Blogger Flávio Gonçalves said...

Enfim, que "análise" mais absurda.

12/27/2010 1:10 AM  
Blogger Ricardo Lopes Moura said...

ah, sim? pelo que percebi da tua crítica, és muito mau observador. é que não é um filme sobre um casal que comemora o seu 15º aniversário de casamento, mas sobre um par de pessoas que não se conhece e que, a meio do filme, começa a dizer disparates e a juntar detalhes a uma vida imaginada. e, a partir desse momento, a dicotomia original/cópia deixa de ser abordada, evapora-se.

«A obra de arte é o objecto de estudo dos dois» - ela tem uma loja de antiguidades situada numa cave, não é nenhuma estudiosa. aliás, durante o filme inteiro parece uma neurótica imbecil.

afinal, o que tem a minha análise de absurdo, é o mero facto de não ir ao encontro da tua opinião?

12/27/2010 11:14 AM  
Blogger Flávio Gonçalves said...

Calma, Ricardo. A minha "má" observação partiu da mentira que enredam as duas personagens, isto é, tomou-a como verdade, tal como Kiarostami pretende demonstrar como uma cópia, uma falsidade, se pode mostrar autêntica. A mentirinha deles vai de encontro com a noção de arte que ambos discutem, ou seja, a tomam como "objecto de estudo" (daí o termo, não quer dizer que seja alguma "estudiosa").

Reparo que o filme te suscitou muita irritação, e foi isso que notei no post e na tua resposta. Assim se justifica o meu "absurdo", porque acho que te restas ao palavreado sobre o absurdo e a (aparente) incoerência como se isso fosse mau. É só uma partida cinematográfica. Acho brilhante como o realizador conseguiu jogar com o tema da cópia pela metáfora do casal e da sua brincadeira.

Acho que devias ver o filme com outros olhos.

Abraço

12/28/2010 12:07 AM  
Blogger Ricardo Lopes Moura said...

Ah bom, Flávio. Opiniões fundamentadas gosto mais.

Sim, é verdade que o filme me irritou, e bastante, mas não por causa da rasteira. É porque a rasteira não foi bem aproveitada.
Uma cópia é algo praticamente igual ao original (é o exemplo do retratito que está no museu da terreola) e entre os dois protagonistas não há nenhuma dúvida em relação às suas identidades.

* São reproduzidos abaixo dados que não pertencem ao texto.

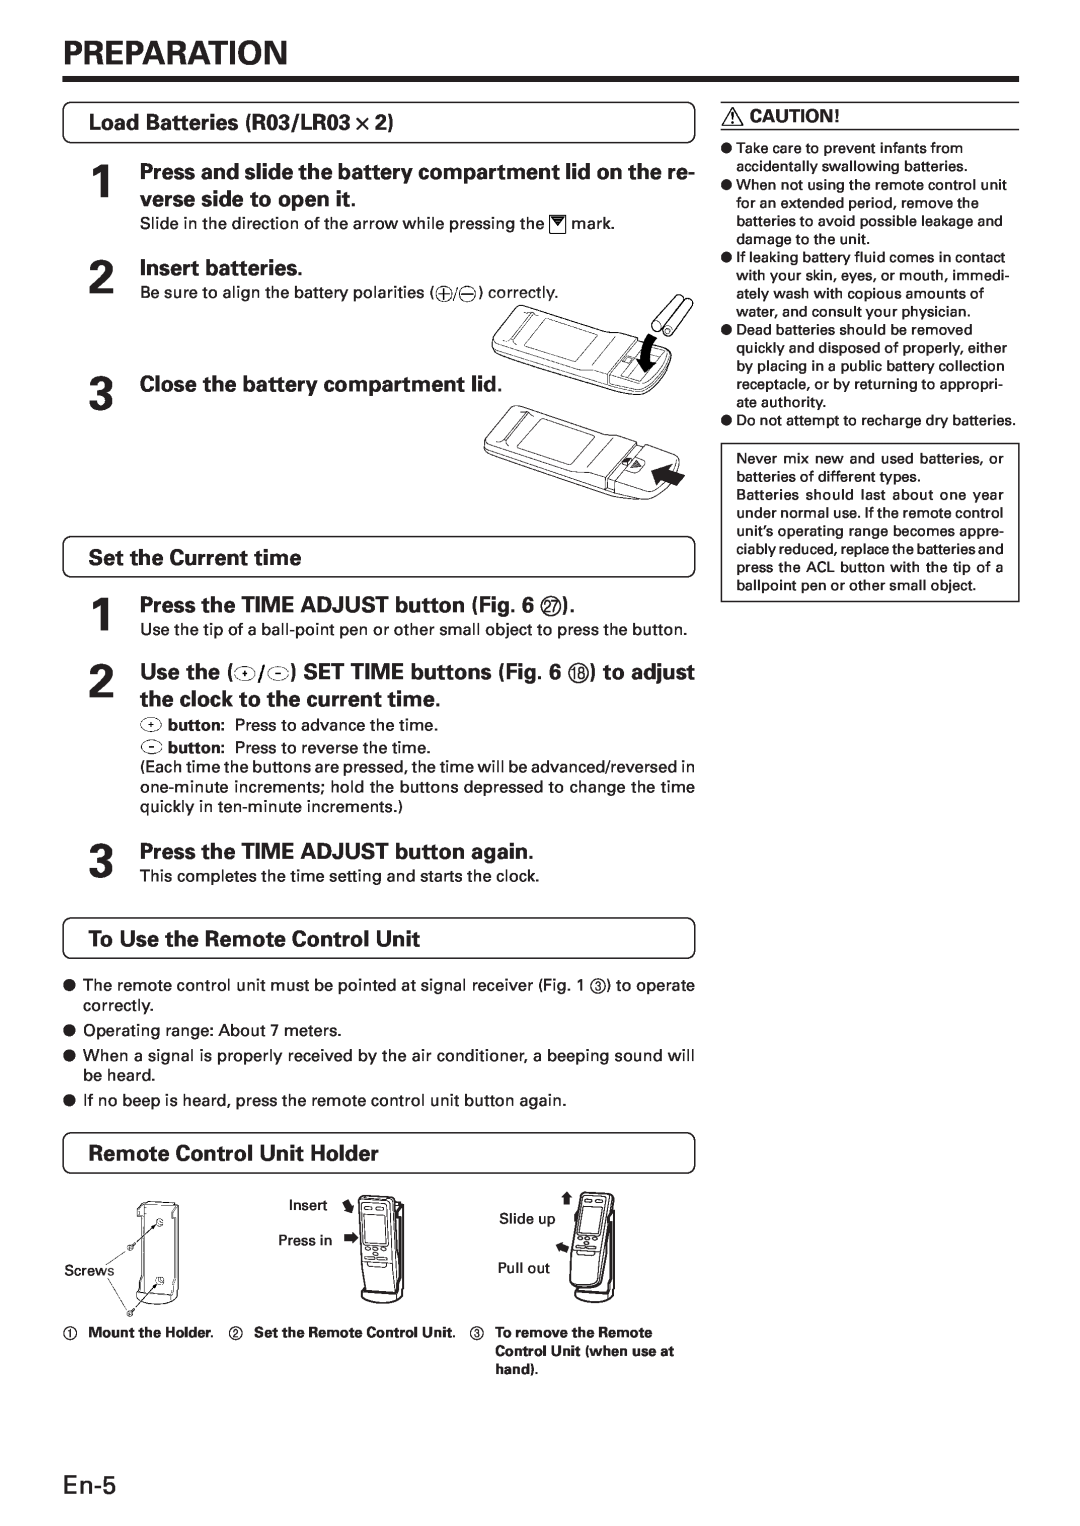 Fujitsu AWU36CX manual Preparation, En-5, Load Batteries R03/LR03 ⋅, verse side to open it, Insert batteries, Use the 
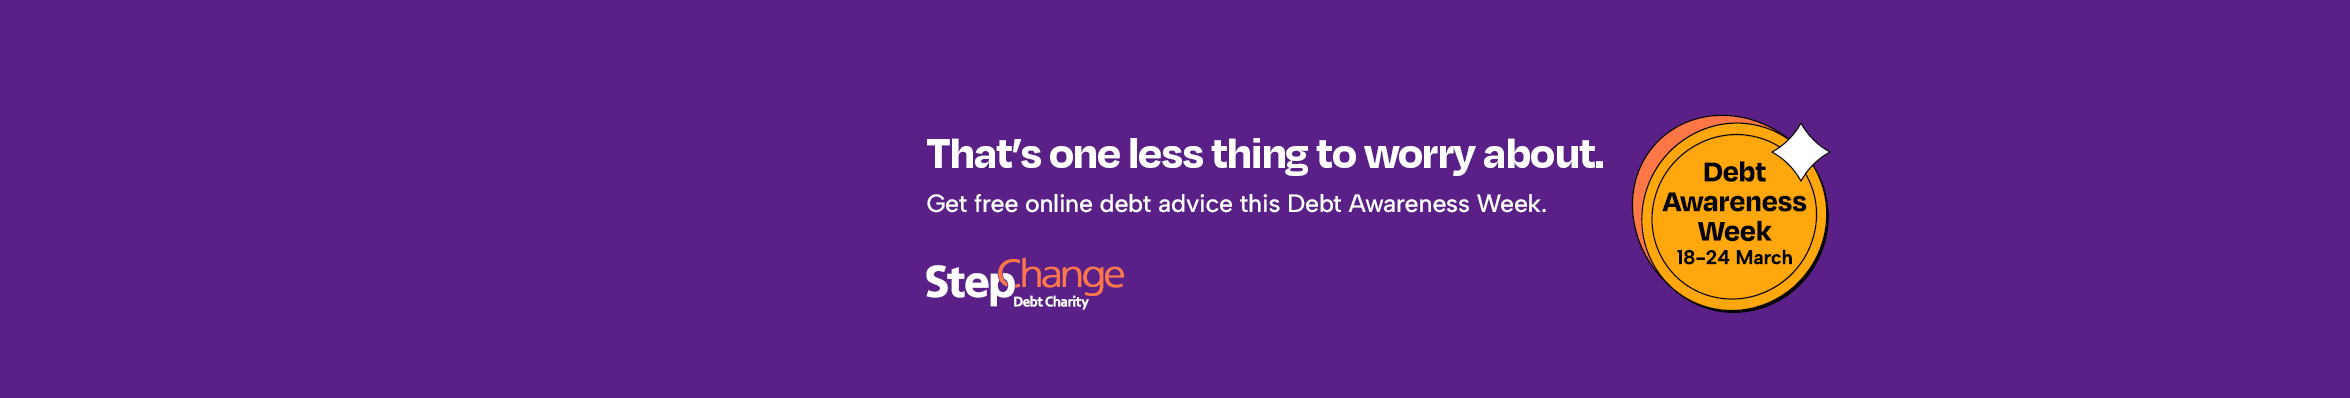 Debt Awareness Week

A meio, ele conta uma história em que ela se revê (a de andar à frente do filho), mas ele conta-a referindo-se a uma desconhecida. depois ela começa com inúmeras acusações e ele comporta-se como se não soubesse de nada (o que faz sentido, ela é que é neurótica), mas depois, no restaurante, vem com a memória de ela ter adormecido ao volante, cinco anos antes.

Enfim, a ideia podia ter funcionado, mas os diálogos teriam de ser quase todos revistos, porque eram muito pobres. As duas situações mencionadas supra são as únicas que resultam.

No fim, acho que o escritor, ao lavar o rosto e olhar-se ao espelho, está a perguntar-se se deve aproveitar a loucura da Binoche para ter sexo com ela, ou se com isso vai ganhar uma stalker e o melhor é esquecer a ideia libidinosa.